Start of MATERIAL FOR THIS EXERCISE

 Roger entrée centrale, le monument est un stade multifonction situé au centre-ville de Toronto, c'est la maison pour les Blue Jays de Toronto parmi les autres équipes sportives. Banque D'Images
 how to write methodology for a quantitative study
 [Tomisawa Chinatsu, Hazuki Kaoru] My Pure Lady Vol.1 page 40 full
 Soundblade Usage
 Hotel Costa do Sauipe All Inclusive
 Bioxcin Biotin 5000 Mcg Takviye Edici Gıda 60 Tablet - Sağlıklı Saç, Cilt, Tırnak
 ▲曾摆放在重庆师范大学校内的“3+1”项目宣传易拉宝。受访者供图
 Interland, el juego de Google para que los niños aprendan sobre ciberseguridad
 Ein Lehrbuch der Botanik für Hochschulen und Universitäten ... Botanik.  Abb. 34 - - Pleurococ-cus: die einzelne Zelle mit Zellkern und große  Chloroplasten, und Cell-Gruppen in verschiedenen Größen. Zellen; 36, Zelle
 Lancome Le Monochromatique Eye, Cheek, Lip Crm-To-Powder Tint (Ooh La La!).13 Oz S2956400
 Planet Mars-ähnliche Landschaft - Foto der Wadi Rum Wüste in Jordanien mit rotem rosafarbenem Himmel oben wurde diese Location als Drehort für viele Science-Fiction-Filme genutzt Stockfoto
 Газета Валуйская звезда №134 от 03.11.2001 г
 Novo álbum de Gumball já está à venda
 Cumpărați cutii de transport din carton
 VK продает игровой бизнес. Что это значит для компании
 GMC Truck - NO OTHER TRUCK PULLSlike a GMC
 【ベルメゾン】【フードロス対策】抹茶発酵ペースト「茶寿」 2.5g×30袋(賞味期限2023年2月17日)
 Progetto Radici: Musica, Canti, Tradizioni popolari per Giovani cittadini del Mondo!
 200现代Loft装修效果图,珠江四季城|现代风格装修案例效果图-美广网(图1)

End of MATERIAL FOR THIS EXERCISE

== REQUIREMENT ==
Your answer must consist solely of the lines above between the line holding "Lancome Le Monochromatique" and the line holding "Газета Валуйская звезда №134 от 03.11.2001 г", inclusive, copied exactly.

== TASK OUTPUT ==
 Lancome Le Monochromatique Eye, Cheek, Lip Crm-To-Powder Tint (Ooh La La!).13 Oz S2956400
 Planet Mars-ähnliche Landschaft - Foto der Wadi Rum Wüste in Jordanien mit rotem rosafarbenem Himmel oben wurde diese Location als Drehort für viele Science-Fiction-Filme genutzt Stockfoto
 Газета Валуйская звезда №134 от 03.11.2001 г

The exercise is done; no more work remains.